5. Error Translation Pipeline
Boundary translation yang matang biasanya punya pipeline:
Tahapan:
- Classify: domain, validation, conflict, dependency, infrastructure, internal bug.
- Normalize: ubah menjadi descriptor standar.
- Apply policy: status, retryable, severity, supportability.
- Redact: buang data sensitif dan implementation detail.
- Emit signals: log, metric, trace, audit.

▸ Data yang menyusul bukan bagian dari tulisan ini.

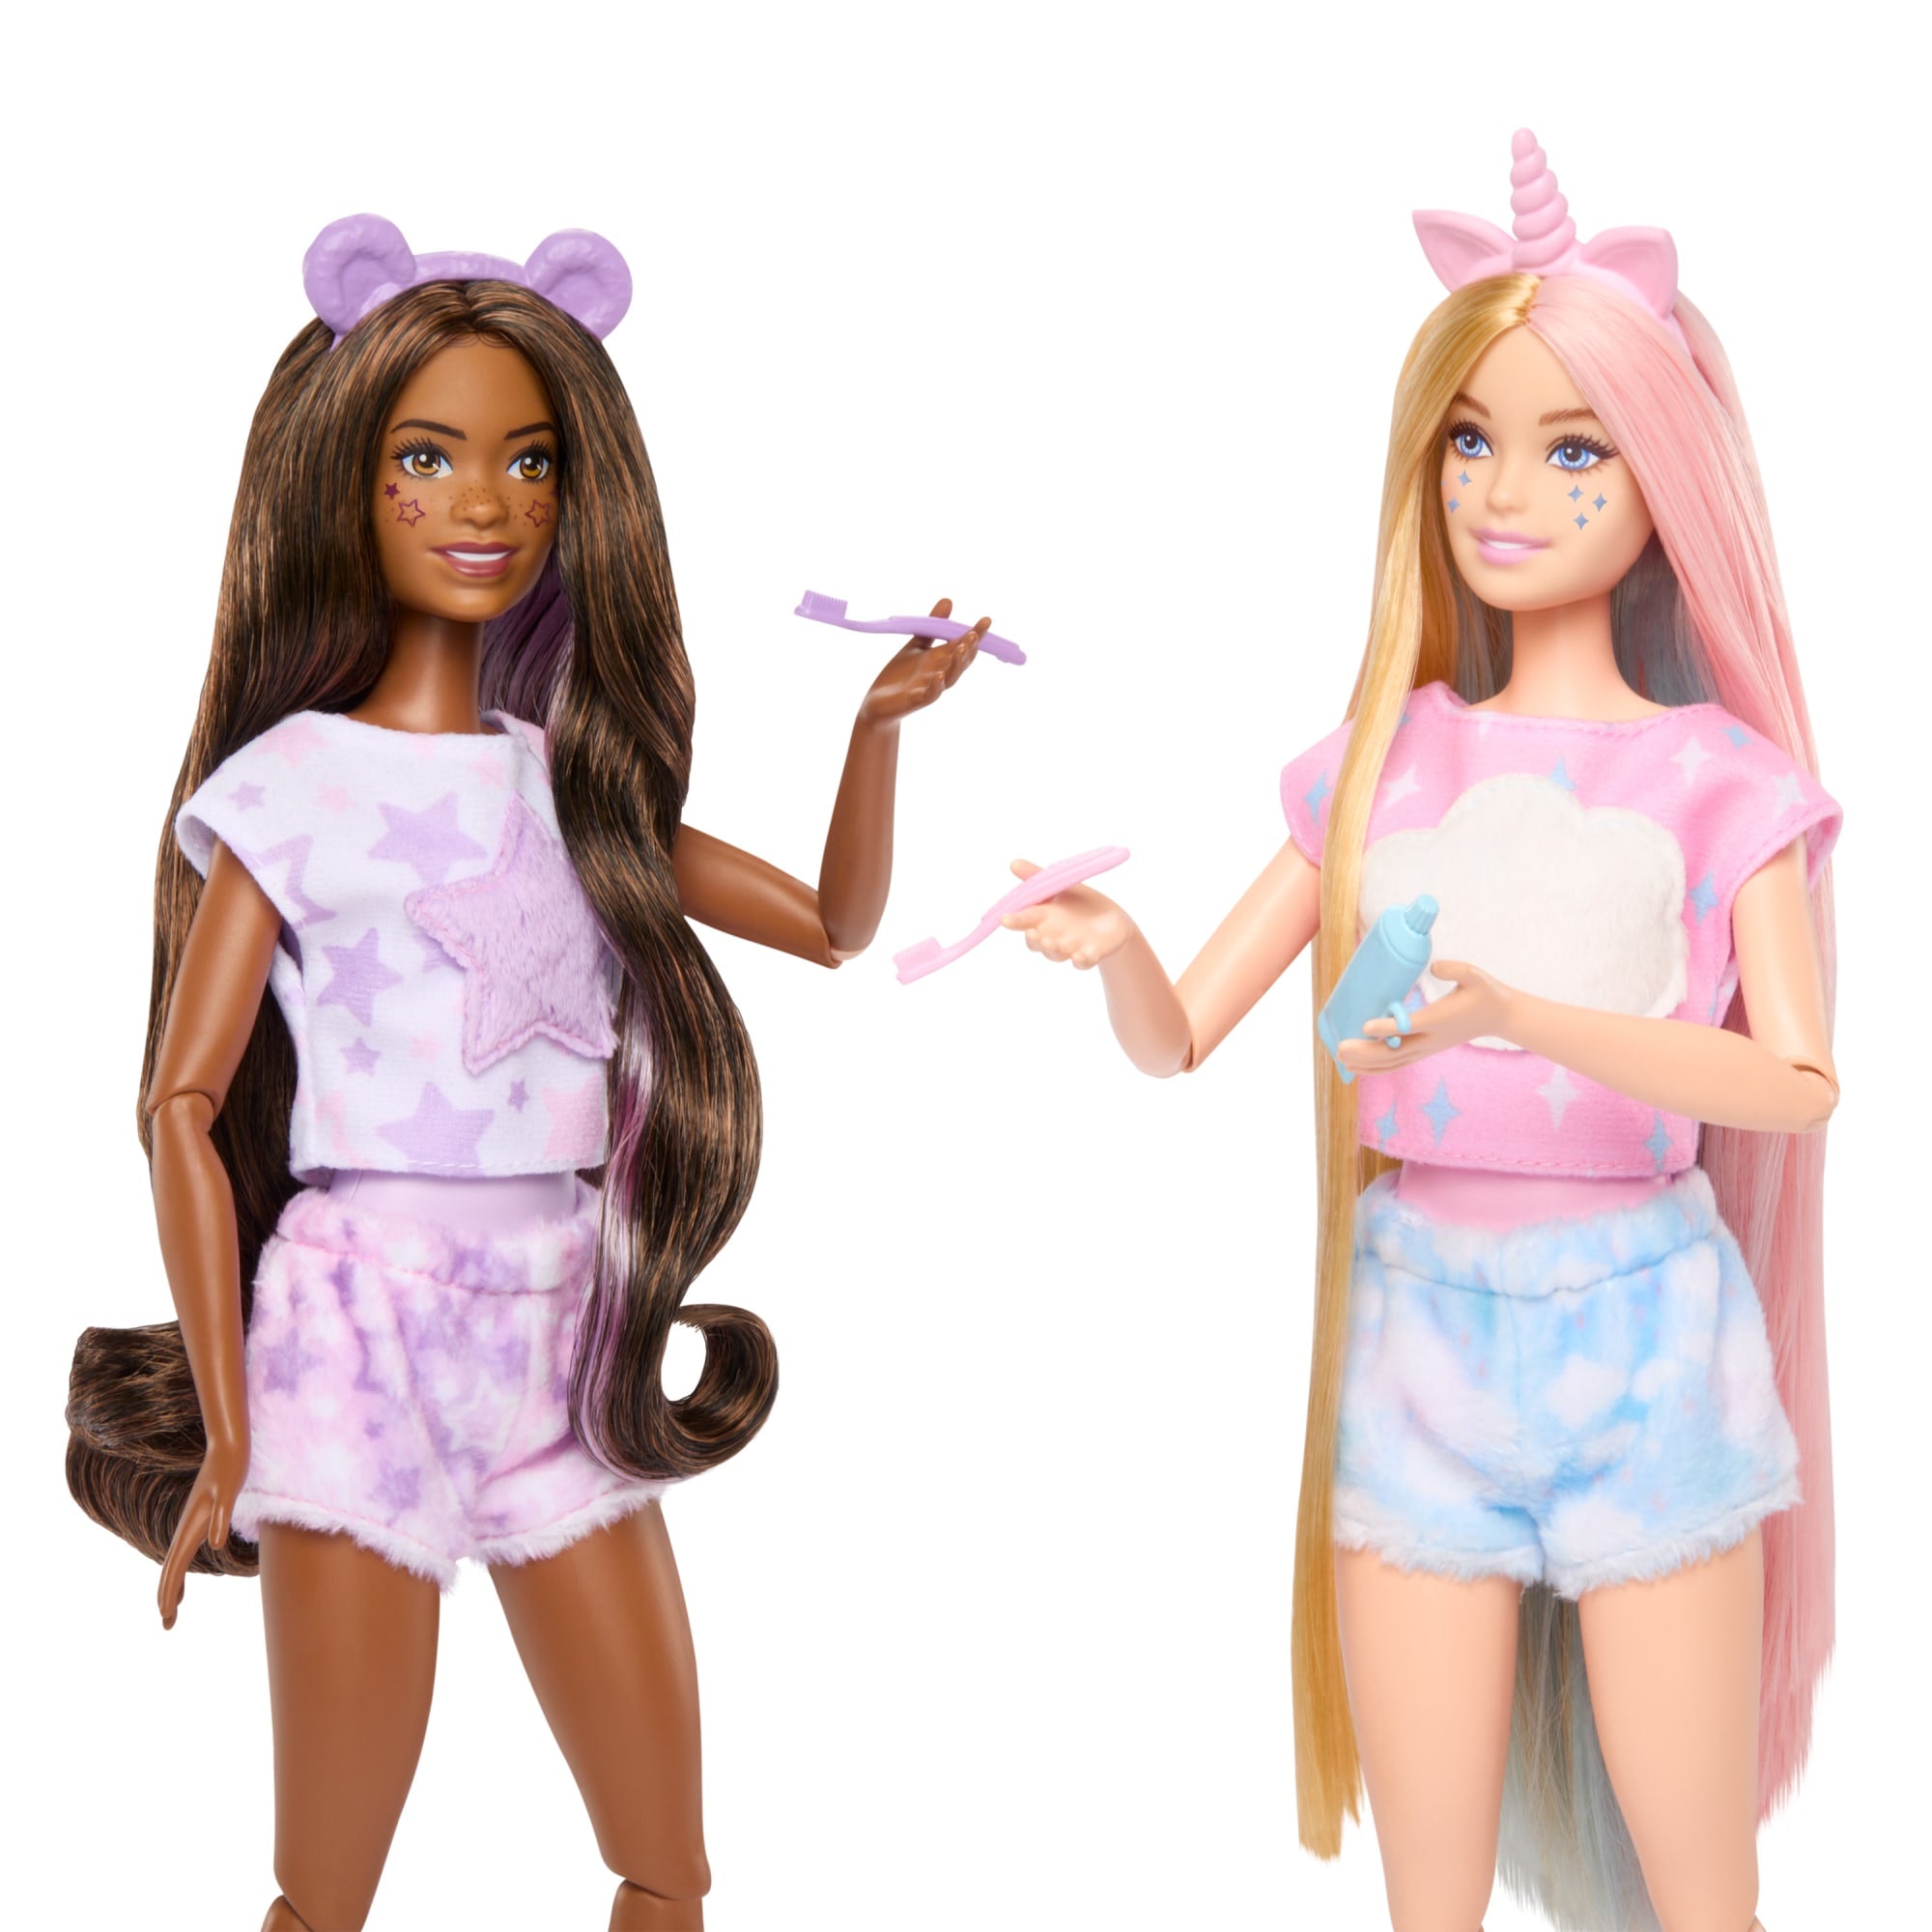 Mattel Barbie Color Reveal Slumber Party Set

- Return output: Problem Details, ack/nack, job result, exit code.
Descriptor internal:
public record ErrorDescriptor(
ErrorCode code,
String title,
String safeDetail,
int httpStatus,
boolean retryable,
Severity severity,
ErrorAudience audience,
Map<String, Object> safeAttributes
) {
public URI typeUri() {
return URI.create("https://errors.example.com/" + code.name().toLowerCase().replace('_', '-'));
}
}
Descriptor bukan response. Descriptor adalah representation antara yang bisa dipakai banyak boundary.

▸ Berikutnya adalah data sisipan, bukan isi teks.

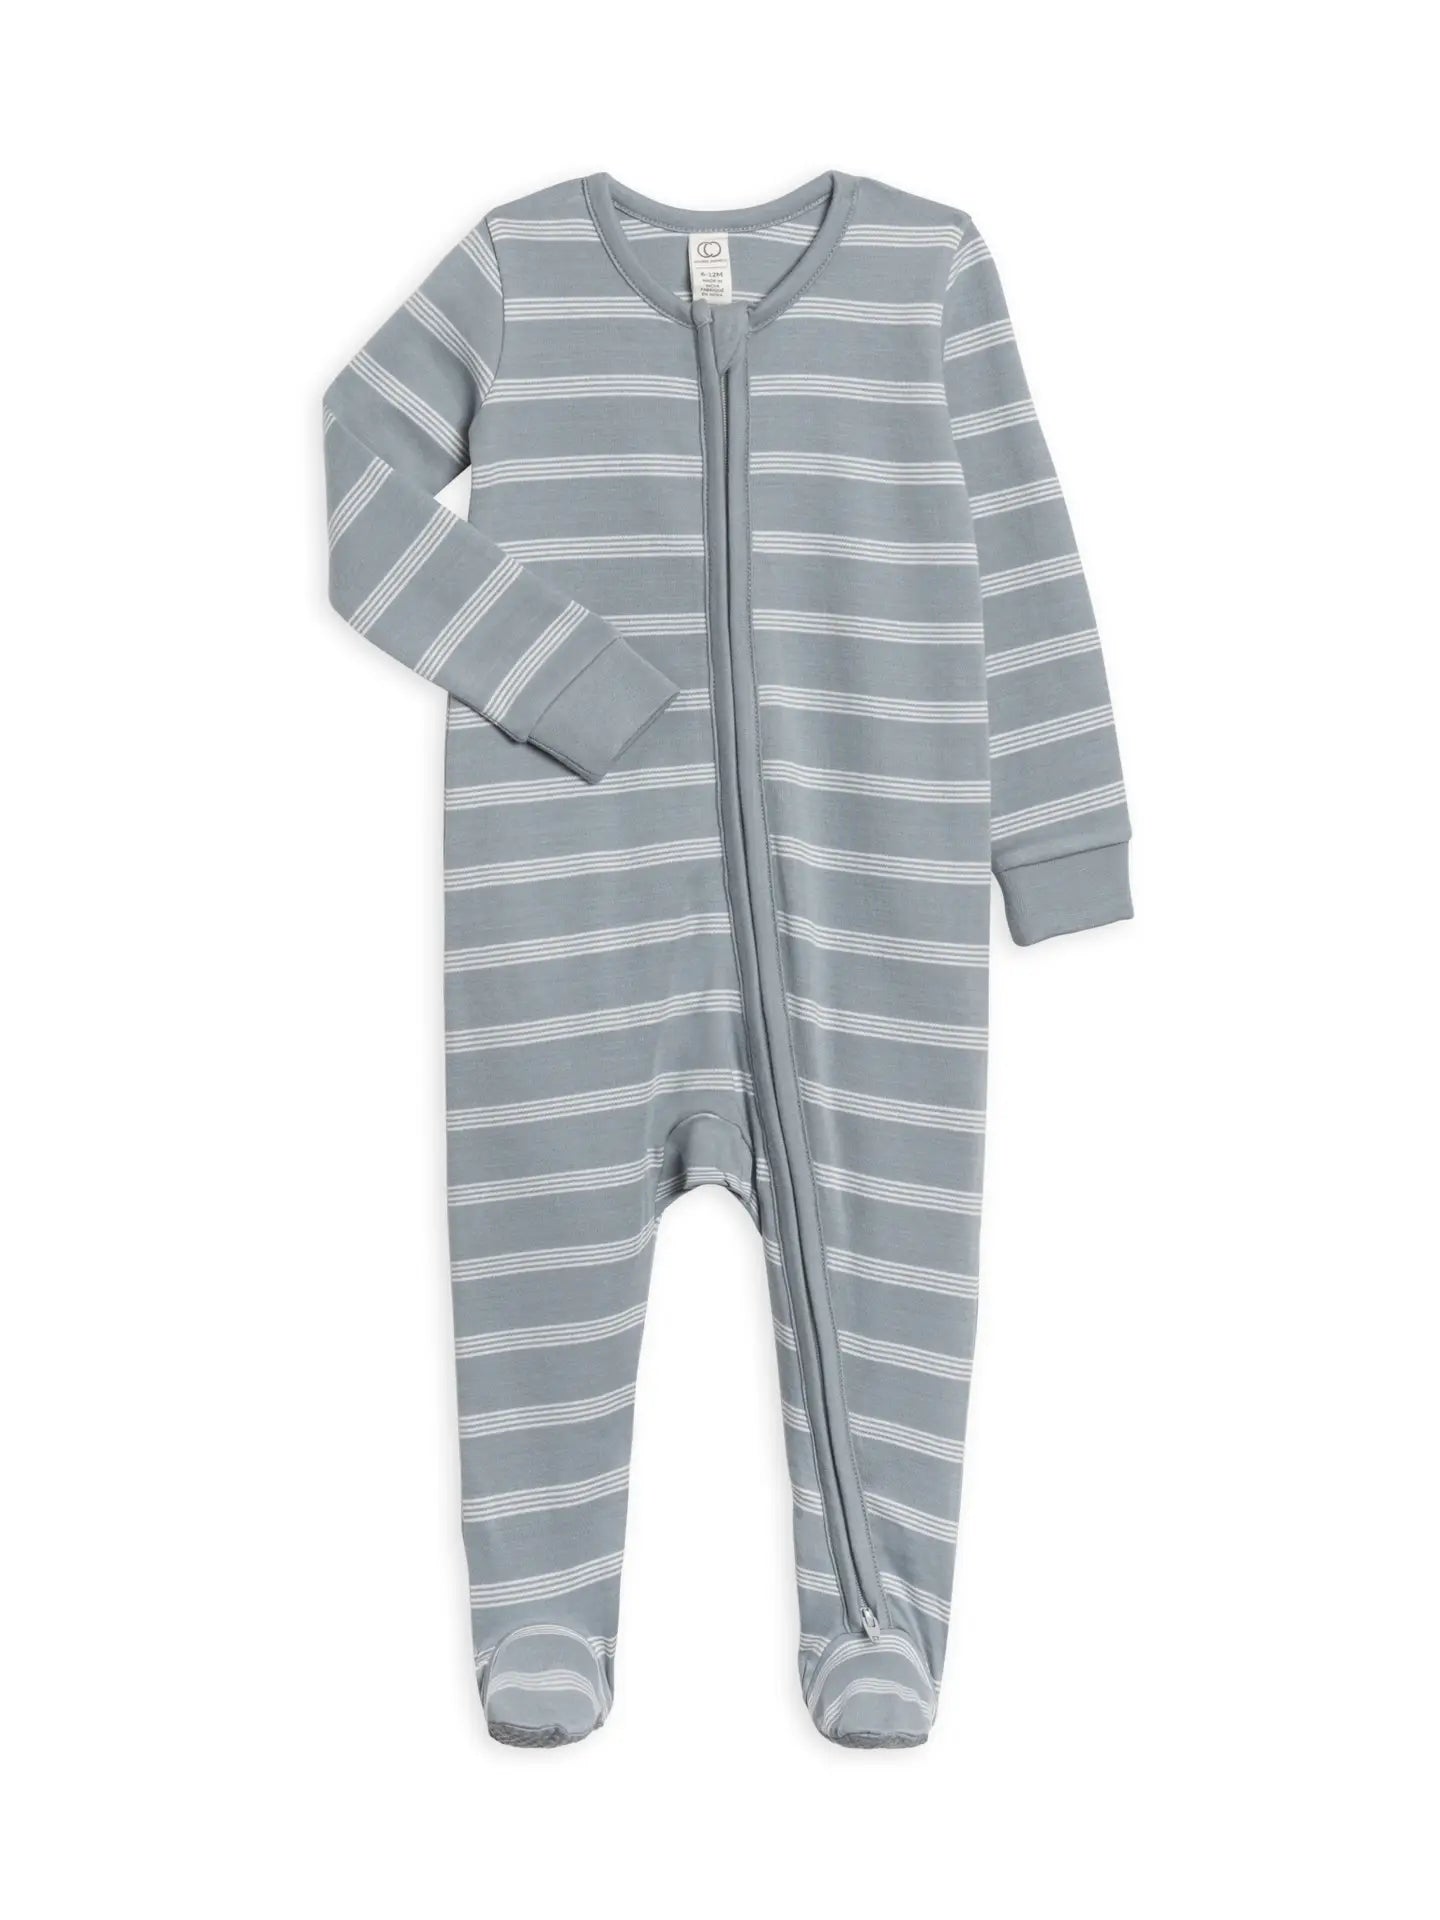 Organic Baby Peyton Footed Sleeper - Drew Stripe / Mist

6. HTTP Boundary Translation
HTTP boundary paling sering dibahas, tapi sering salah karena engineer langsung melempar exception ke response.
6.1 Mapping Dasar
| Internal Failure | HTTP Status | Retryable | Catatan |
|---|---|---|---|
| malformed JSON | 400 | false | Request tidak valid secara sintaks |
| validation failure | 400 / 422 | false | Pilih konsisten di organisasi |
| authentication missing/invalid | 401 | false | Jangan expose detail credential |
| authorization denied | 403 | false | Jangan leak resource existence jika sensitif |
| not found | 404 | false | Bisa juga dipakai untuk menyembunyikan resource |
| state conflict | 409 | false | Contoh invalid transition/concurrent update |
| duplicate idempotency key conflict | 409 | false | Client perlu ubah request atau key |
| rate limited | 429 | true | Sertakan retry hint jika aman |
| dependency timeout | 504 | true | Jika gateway/proxy semantics sesuai |
| service overload | 503 | true | Bisa sertakan Retry-After |
| internal bug | 500 | maybe | Jangan expose detail |
Tidak semua organisasi membedakan 400 dan 422. Yang penting adalah konsistensi dan dokumentasi.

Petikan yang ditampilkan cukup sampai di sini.